Closed cstroe closed 9 years ago
Something strange is going on. Looking at this:
Reading 28.7 MiB ... done in 142.3 s
Reading 28.5 MiB ... done in 411.0 ms
That's in the same revision.
Another egregious example:
Reading 59.2 MiB ... done in 2472 s
This seems to be the major cause of slowdowns in reading streams from STDIN.
It looks like we are spending a ton of time in ExpandBuff:
Perhaps I'm using readChar() in a way that it's not meant to be used. It looks like it's not made to read many characters at one time, because ExpandBuff keeps incrementing the buffer 2048 each time. If reading a large file, megabytes long, the buffer will be expanded many times, and each expansion is costly.
It seems that someone else has seen this problem with JavaCC's SimpleCharStream:
http://markmail.org/message/zko7diftsjdxvoqd
Subject: Re: [JavaCC] Performance issue when consuming large token in JavaCC permalink
From: Sreenivas Viswanadha (sre...@viswanadha.net)
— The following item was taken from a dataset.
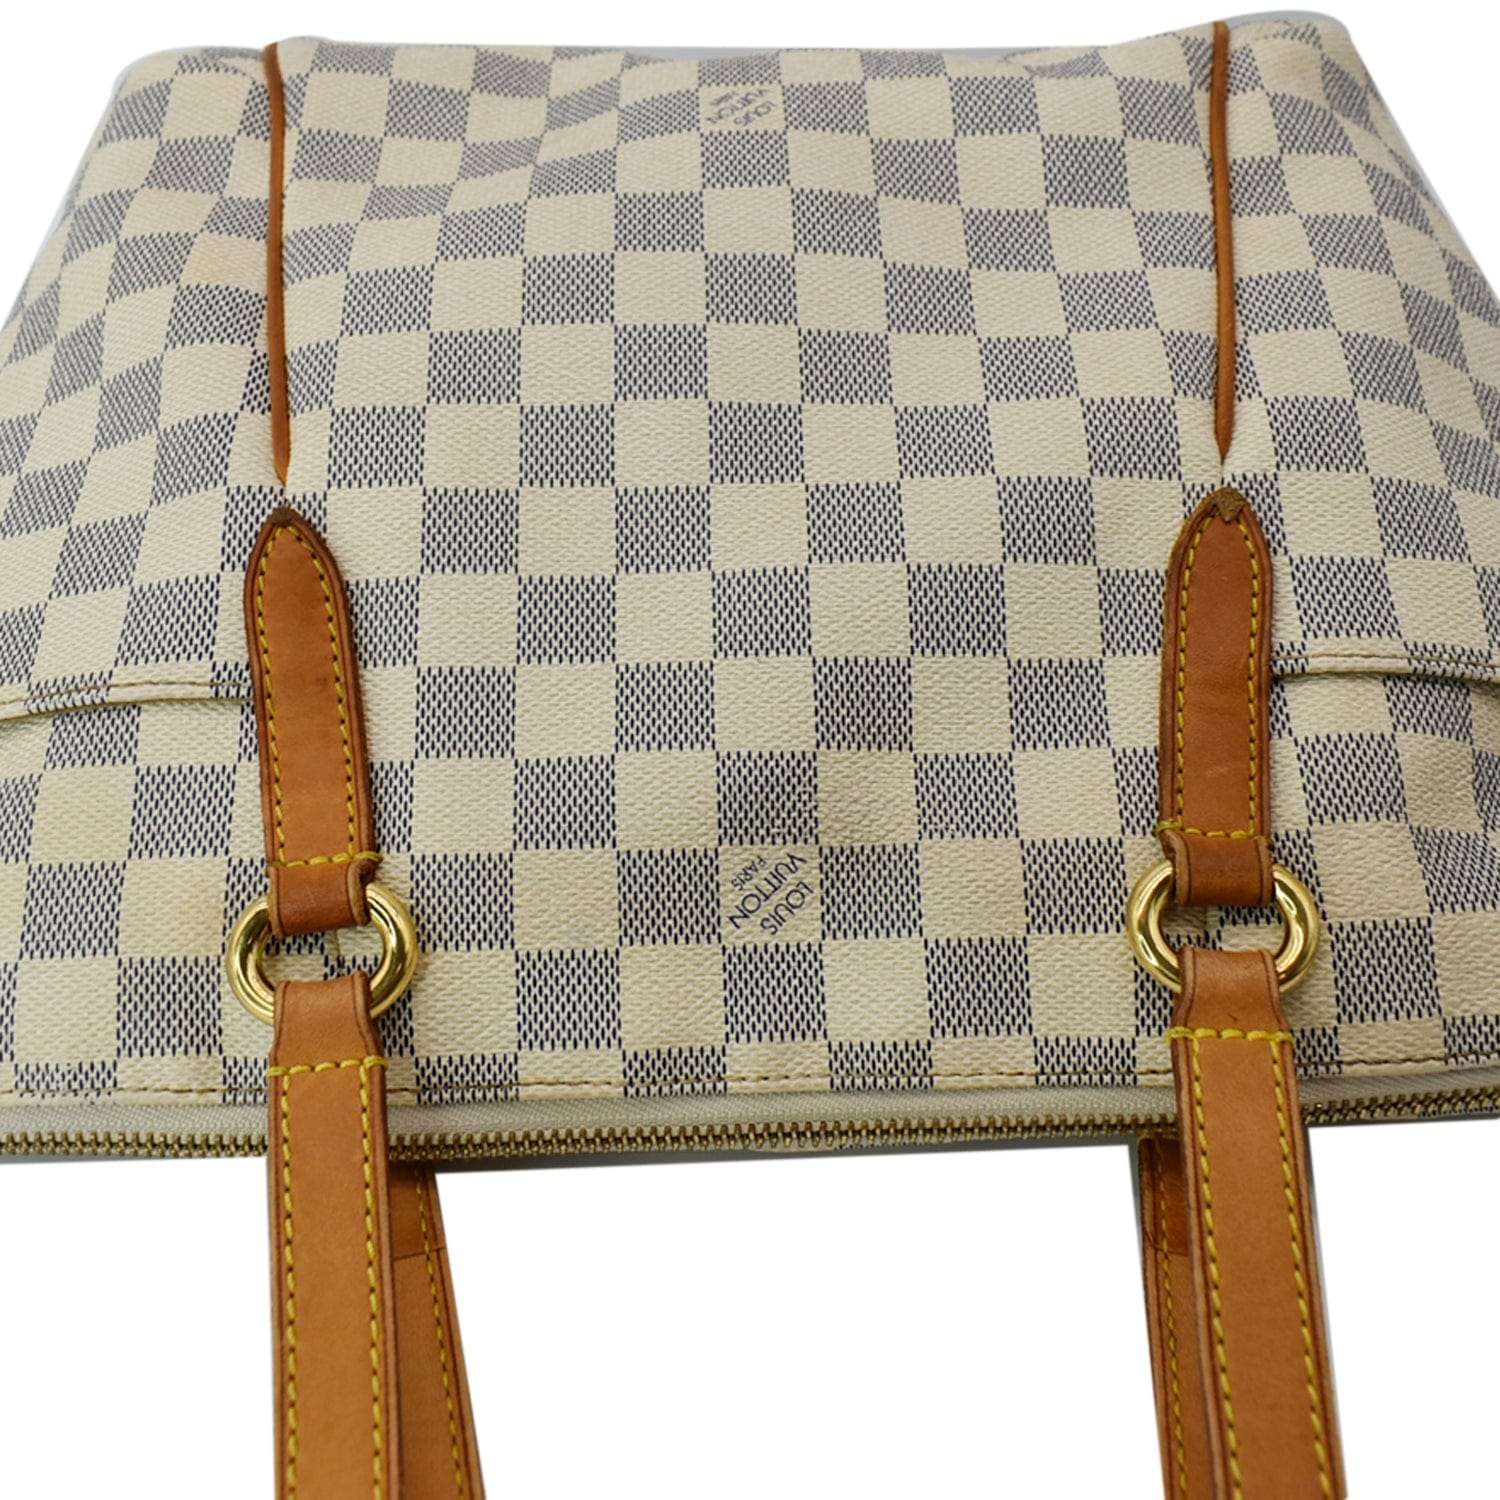 Buy LV Women White Handbag Damier Azur Online @ Best Price in
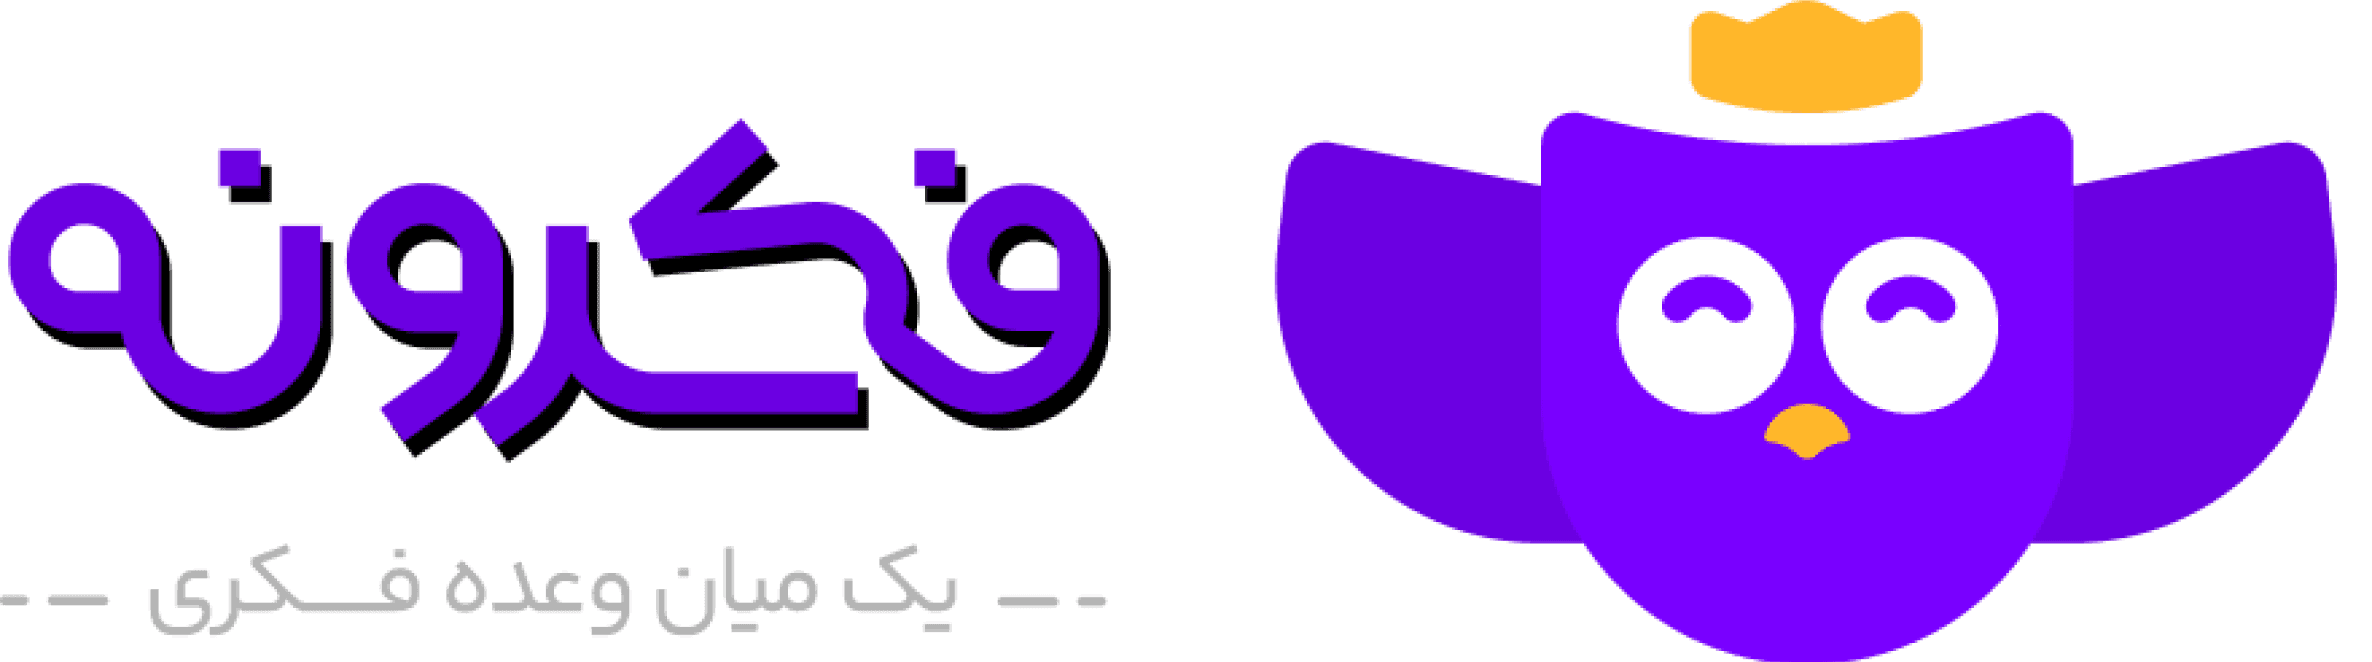 logo_fekrooneh

Date: Feb 17, 2006 8:10:55 am
List: net.java.dev.javacc.users
One otion is to increase the memory setting to the VM using -Xmx256m or
something.
If this is a delimited token - like comments in java and if you don't
need the actual image, then you can use lexical states and skip the
token text completely and simply return the token kind when you see the
end marker.
Yet another option would be to rewrite the generate SimpleCharStream
class to may be use RandomAccessFile instead of the circular buffer that
it uses.
> Hi, I hope this is the correct place to post this message.
>
> I am writing a parser to parse large files using Javacc. Some of the
> tokens can be as big as 3M. I found that once the token size becomes
> close to 1M, the parser becomes extremely slow to consume that token.
> Could anybody tell me how I should tune the parser for large tokens? Thanks!
>
> David
Seems these guys also have this problem: https://jira.blazegraph.com/browse/BLZG-478
They also mention that Lucene impemented a FastCharStream.
Changed svndump.jj
to use Lucence's FastCharStream in 656cfbf4f425390b3e87bc15a975b5b59d6a95db. The throughput difference is tremendous, orders of magnitude faster than before.
Reading large files that are part of an SvnNode takes a disproportionately long time. We currently read the file content of an SvnNode with the readByteArray() method. This is slow for some reason, and I don't know why.
Need to fix this, so that we don't take a very long time reading streams.